Which country was upset that Mexico stopped paying their debt? ›

With no other options, Juárez suspended payments on Mexican debt for two years. In response, representatives from the Spanish, French, and British governments met in London, and on October 31, 1861, signed a tripartite agreement to intervene in Mexico to recover the unpaid debts.

How much debt is Latin America in? ›

Total debt in Latin America and the Caribbean has grown to US$5.8 trillion, or 117 percent of GDP. Public debt soared during the pandemic, and corporates issued substantial amounts to survive the crisis.

What happened to the economy in 2012? ›

At the end of 2012, the U.S. debt was $16.05 trillion. That made the debt-to-GDP ratio 100%, higher than at any time since World War II. 21 Debt was driven by government spending and reduced revenue from taxes, thanks to slow economic growth. The Fiscal Year 2012 budget deficit was $1.077 trillion.

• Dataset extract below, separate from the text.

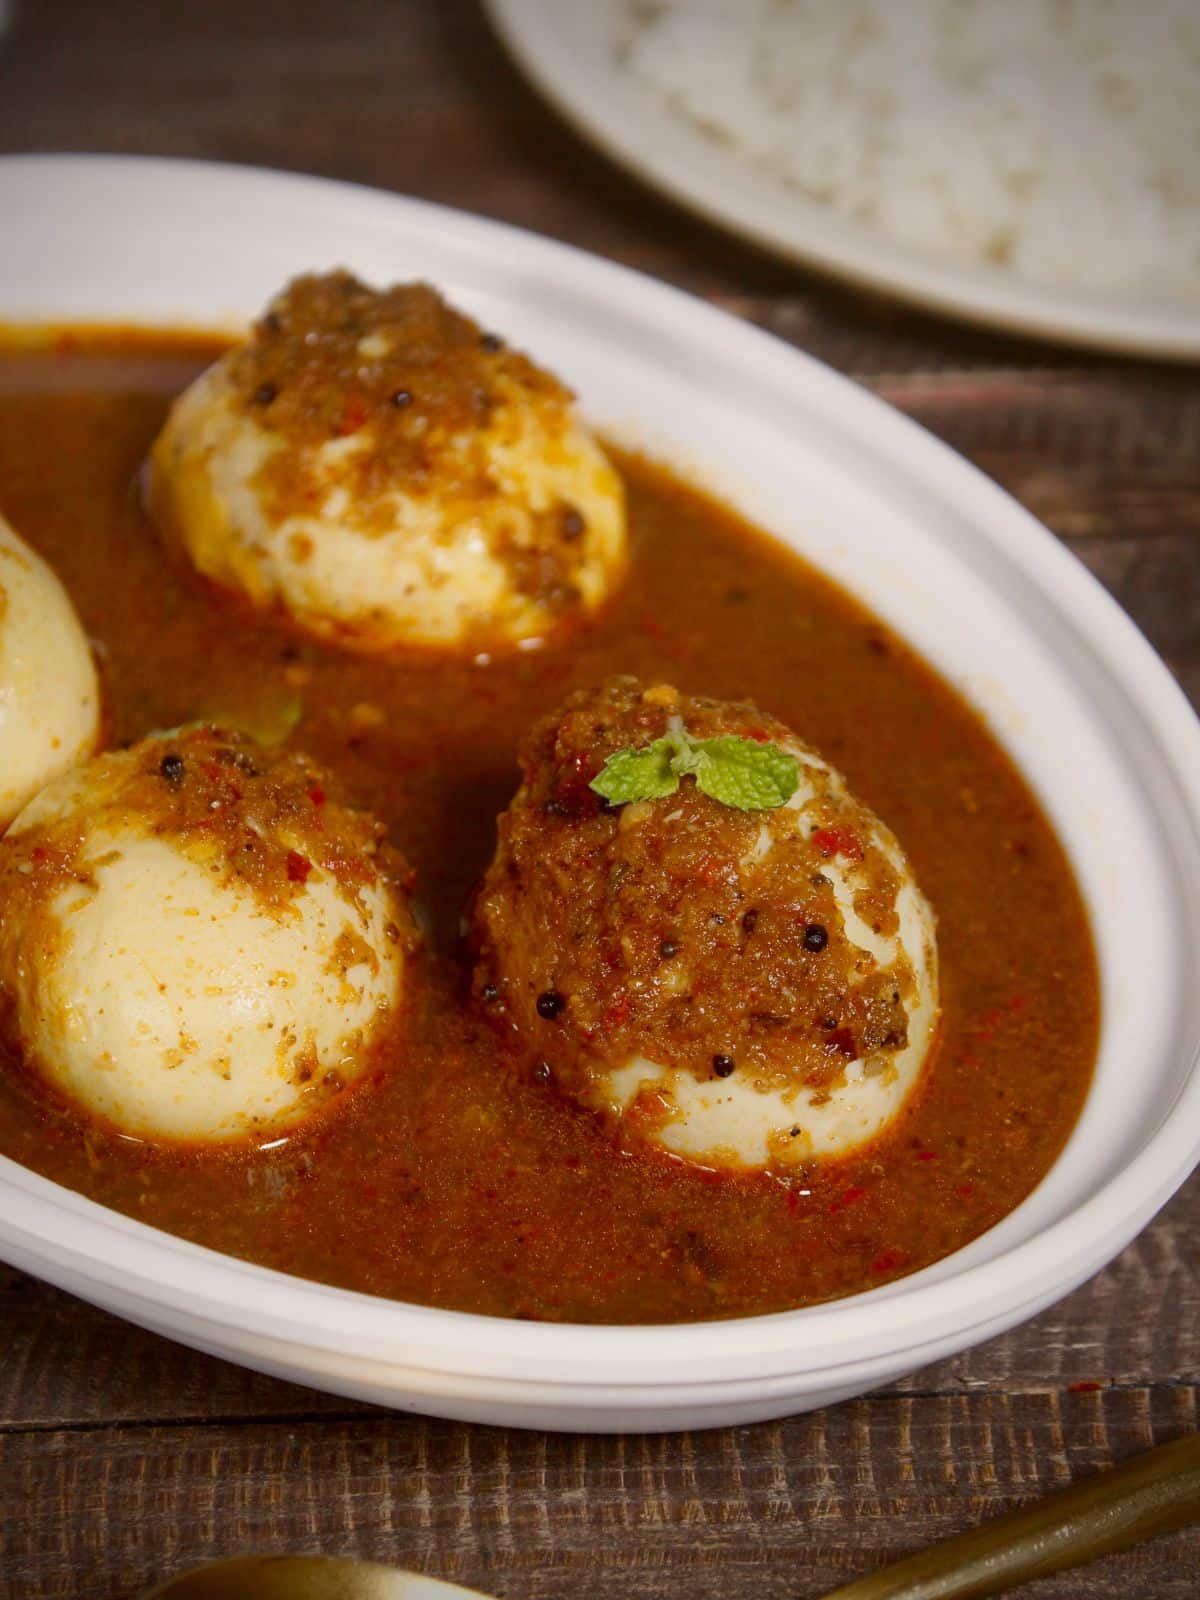 Spicy Chettinad style egg curry

What caused the Great Recession of 2008 2012? ›

Banks stopped lending to each other in fear of being stuck with subprime mortgages as collateral. Foreclosures rose, & the housing bust caused the market to dive and eventually crash in September 2008, ultimately losing more than half its value.

What caused 2011 financial crisis? ›

In August 2011, investors lost trillions due to many different variables causing the stock market to fall. There was a debt crisis in Europe, uninspiring economic news, and a bust to U.S. credit rating which caused a fear of double dip recession.

What caused the financial crisis and when and why it ended? ›

The analysis shows that the financial crisis was caused by a large reduction in mortgage lending standards which was primarily due to Congresses' mandate to increase homeownership. The paper provides evidence that the financial crisis was abating by January 2009 and ended when the recession ended in June 2009.